DARPA’s solicitation is light on unclassified details, though it says it wants “innovative solutions” to stop boost-glide vehicles.

That’s putting it mildly. If shooting down ballistic missiles is hard, then boost-glide vehicles is even harder.

For starters, the gliders don’t traverse outer space like an ICBM, but instead soar through the thin upper atmosphere, where they can achieve extremely high speeds while flying too low to be easily detected by early warning radars, The National Interest reported.

For another, while an ICBM warhead follows a predictable (and Mach 23) path as it descends through the atmosphere, a boost-glide vehicle — like a hobby glider — can maneuver, which make it much harder to an interceptor to hit.

Intercepting a ballistic missile with an anti-missile has been likened to “hitting a bullet with a bullet.” Imagine if the bullet were taking evasive action.

One way to think about intercepting a hypersonic missile is to imagine it as more like an aircraft than a conventional ballistic missile, said Thomas Karako, a senior fellow with the International Security Program and the director of the Missile Defense Project at the Center for Strategic and International Studies. 

“That’s why I’m banging the drum on the space sensor layer all the time,”  he told Defense One, referring to the Pentagon’s push for a new satellite constellation. “You have to see it before you can kill it.”

Says Karako, “It’s important to remember that these things, traveling at high speeds under a lot of thermal pressure, are far from invincible. They have a lot of vulnerabilities.” 

One might be able to bring together a mix of different approaches, including cyber or electronic warfare effects, to take one down, he added. 
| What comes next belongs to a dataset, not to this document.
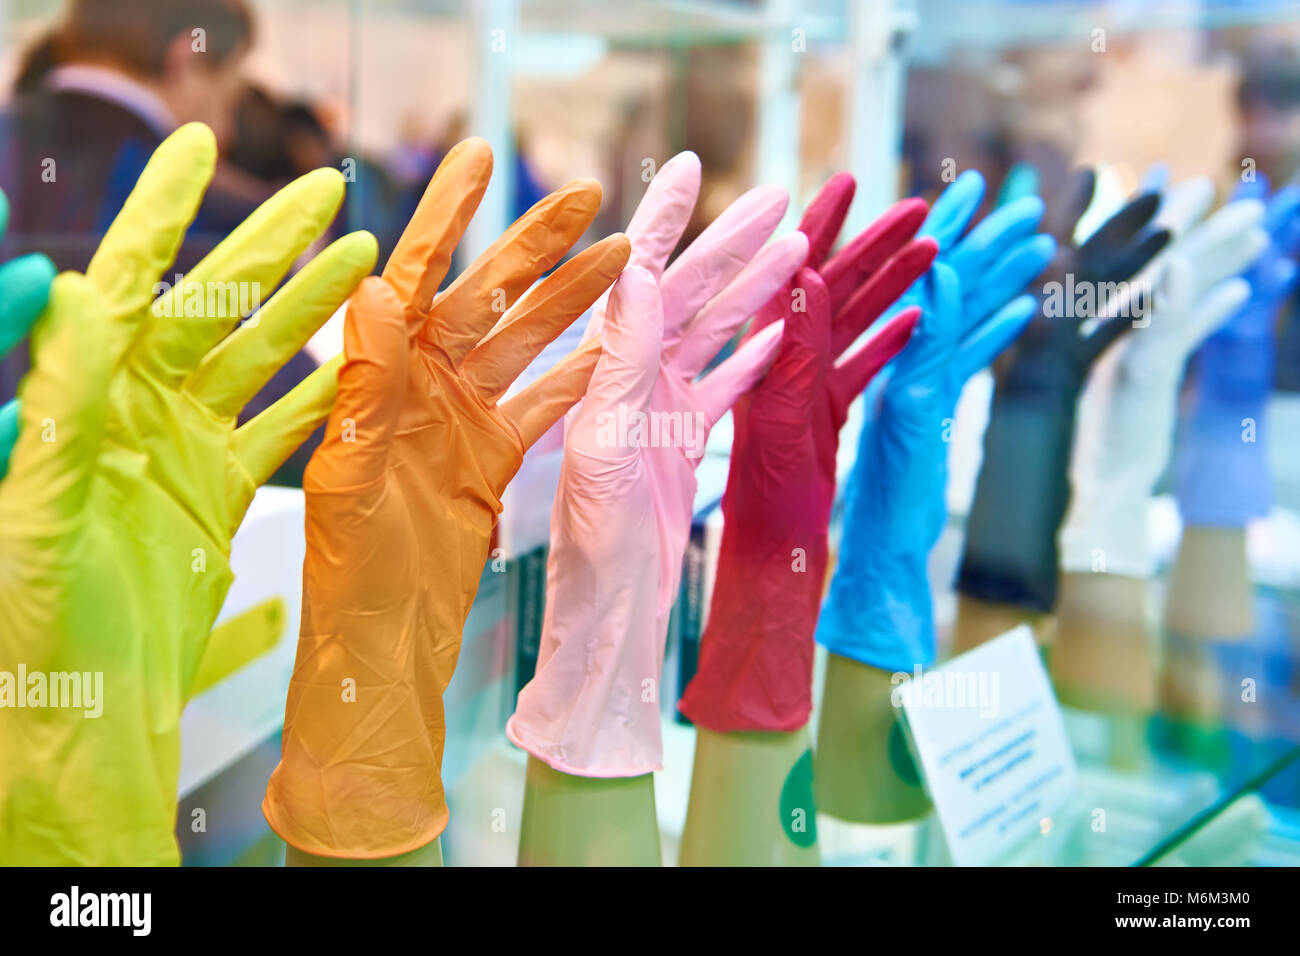 Colorful medical rubber gloves for doctors Stock Photo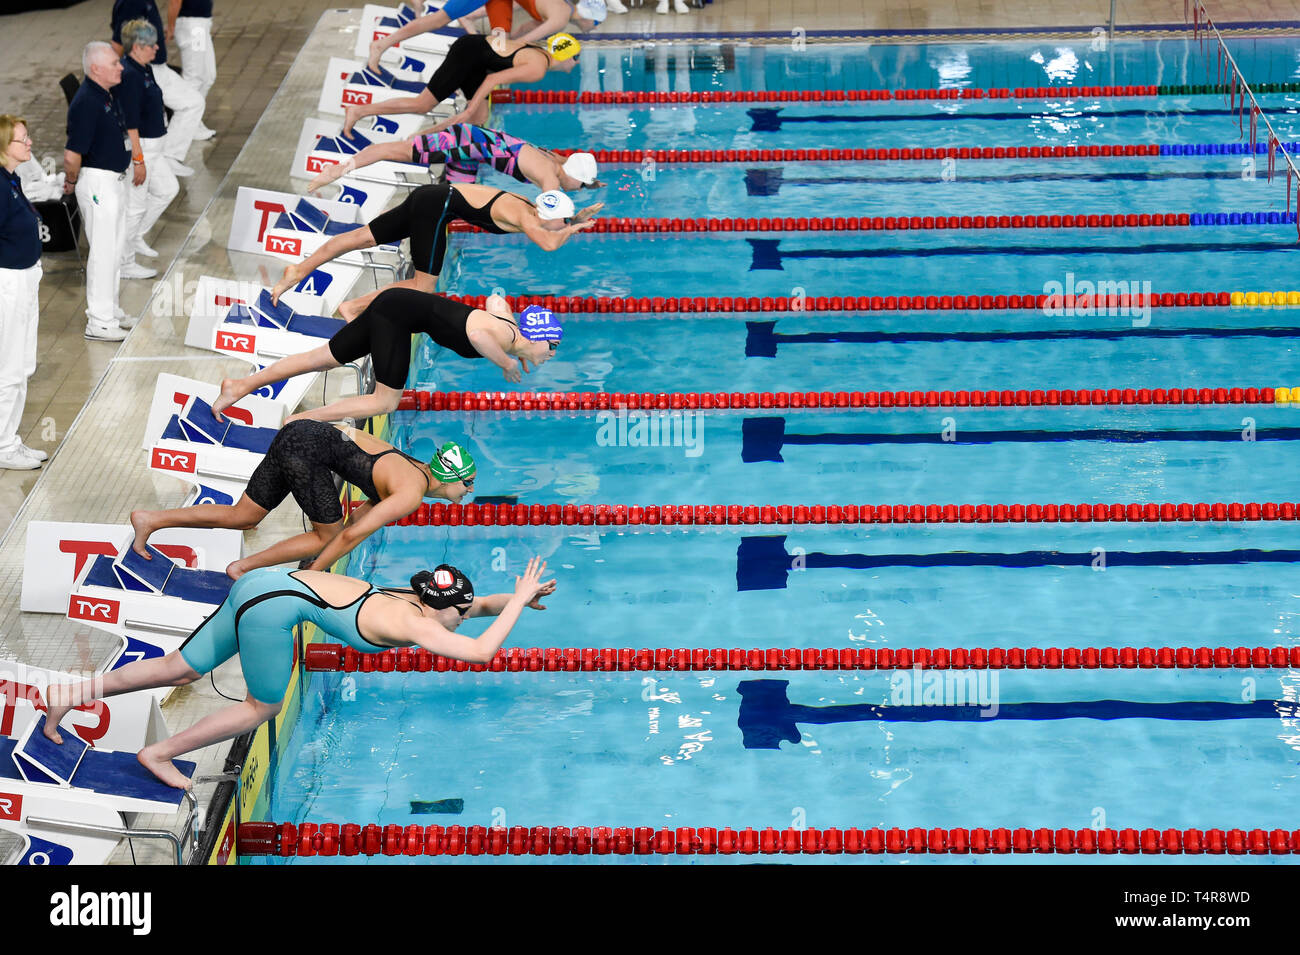 Swimmers dive into the water in heat 6 of the Women's 50m Freestyle event during day three of the 2019 British Swimming Championships at Tollcross International Swimming Centre, Glasgow. Stock Photo

To shoot down hypersonic missiles, the United States may use exploding warheads, reducing the need for precision. He cited the Arrow 2SM-6, and PAC-2 interceptors.

“Those aren’t hit-to-kill. They’re high explosive. It may be that you want to put a shotgun blast in front of [the hypersonic threat.] You may only need to do a little damage in this fancy control surface, to have an effect,” he said. 

Are hypersonics invincible? No, they’re not, but the cost of trying to defend against them may not be worth it in the end. A powerful combined offensive nuclear threat may be enough as a deterrence.